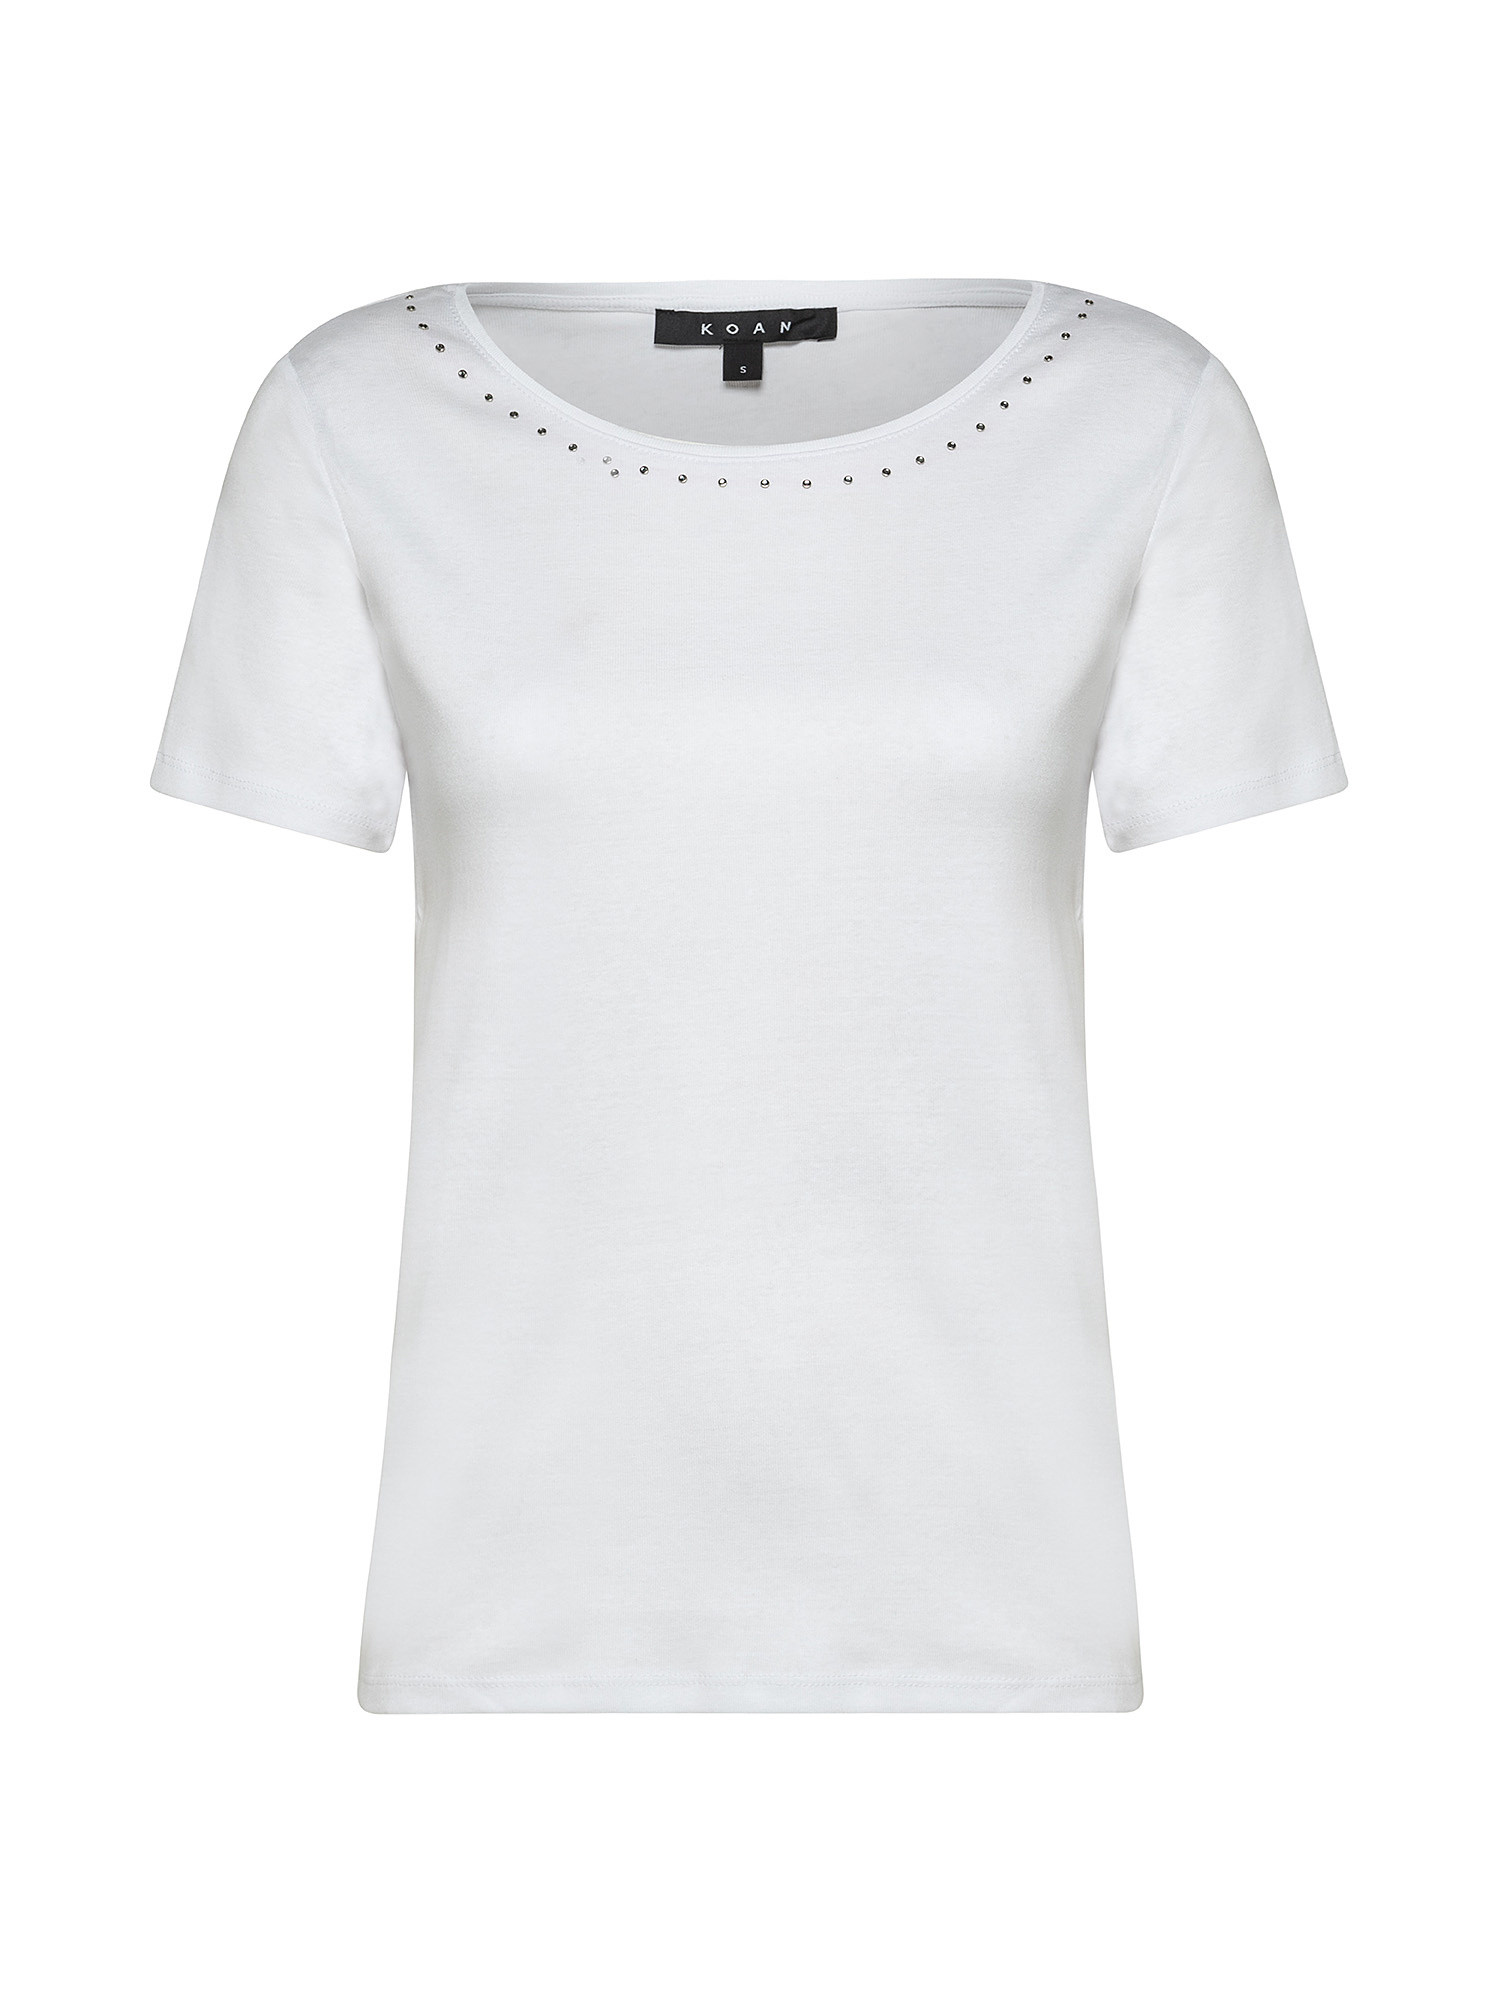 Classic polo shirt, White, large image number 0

★ ★ ★ ★

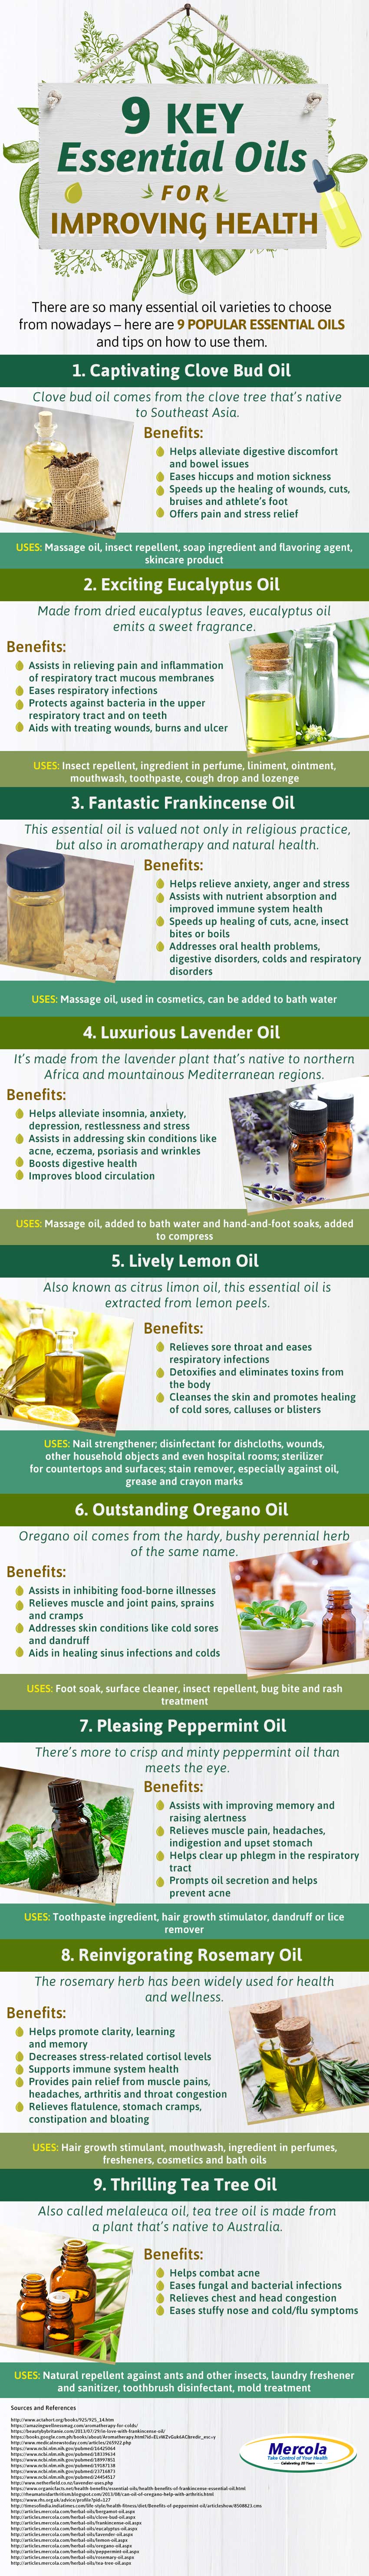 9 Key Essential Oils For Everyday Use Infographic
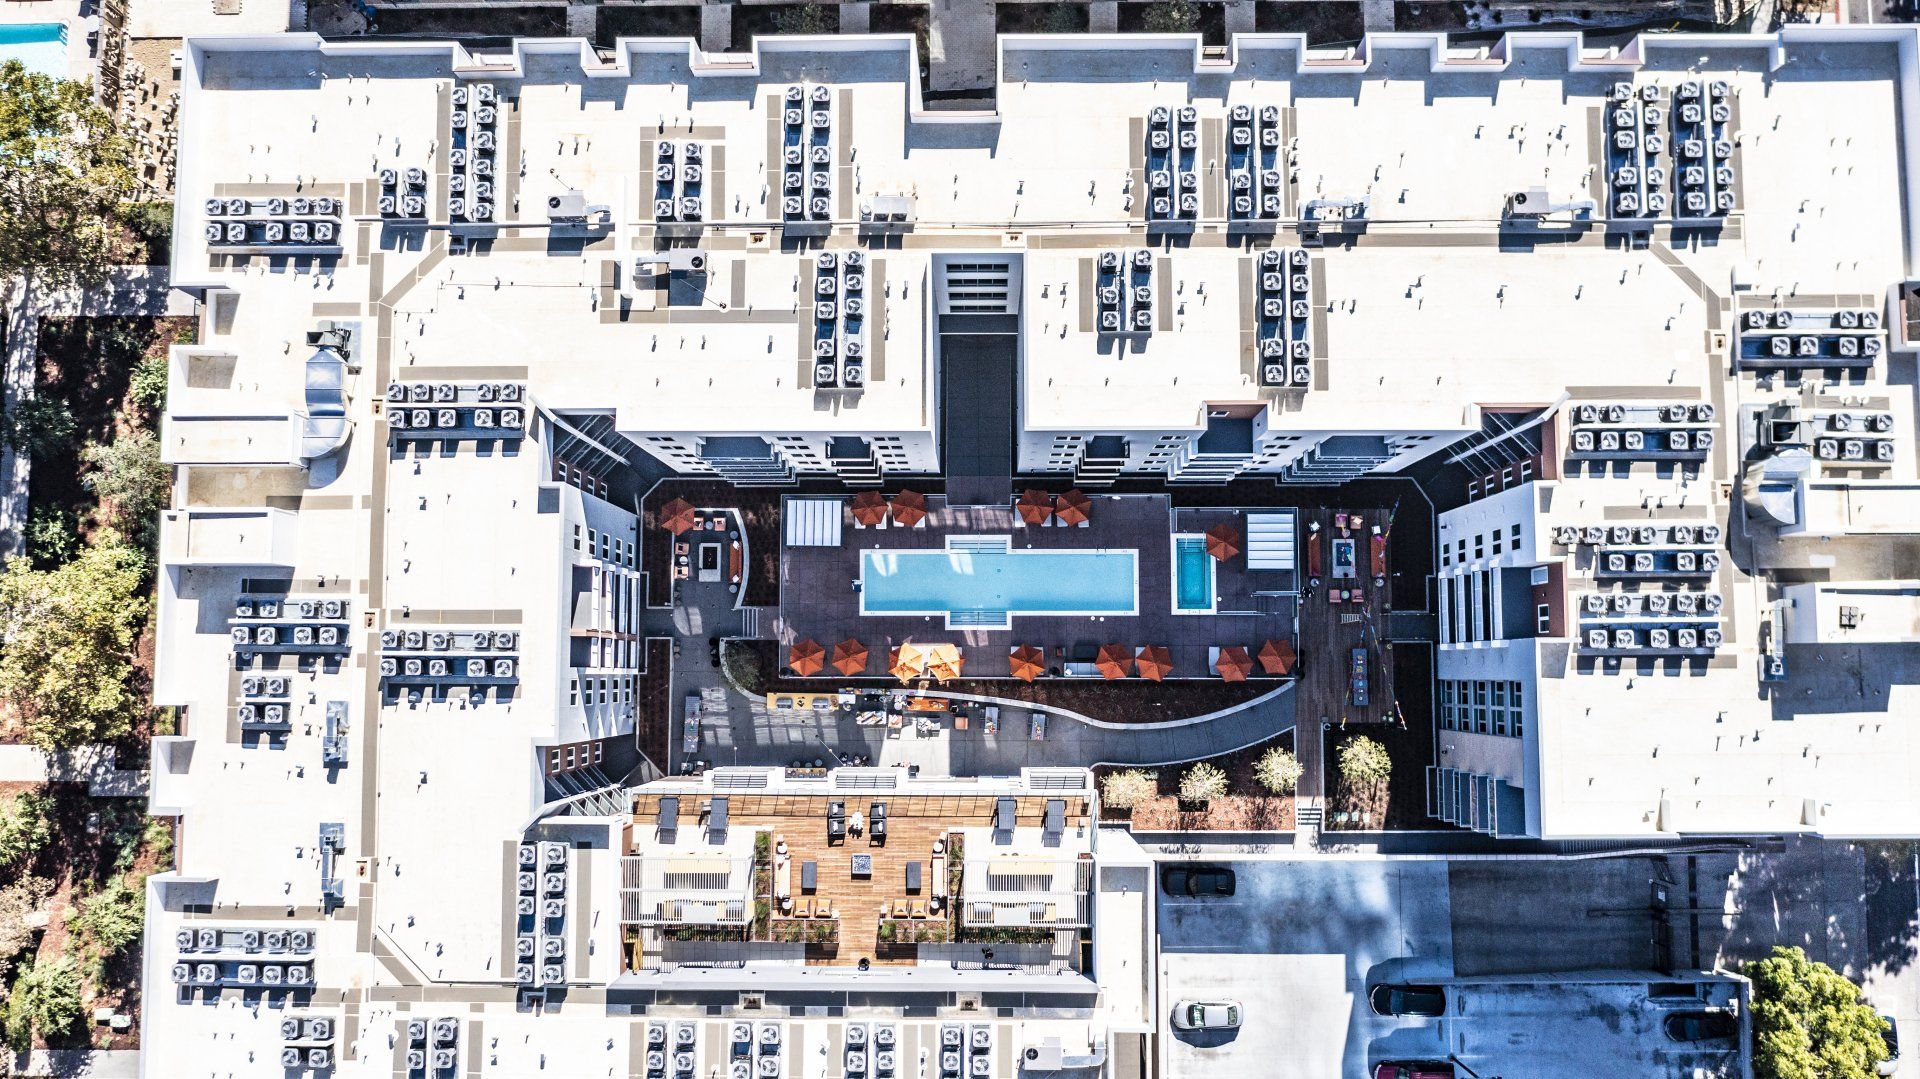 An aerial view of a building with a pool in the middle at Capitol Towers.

★ ★ ★ ★

→ **The task**: Everything from the line with "9 Key Essential" down to the line with "An aerial view" in the data above should be copied exactly, with both end lines kept and the pictures left out.

→ **Task solution**:
 9 Key Essential Oils For Everyday Use Infographic
 An aerial view of a building with a pool in the middle at Capitol Towers.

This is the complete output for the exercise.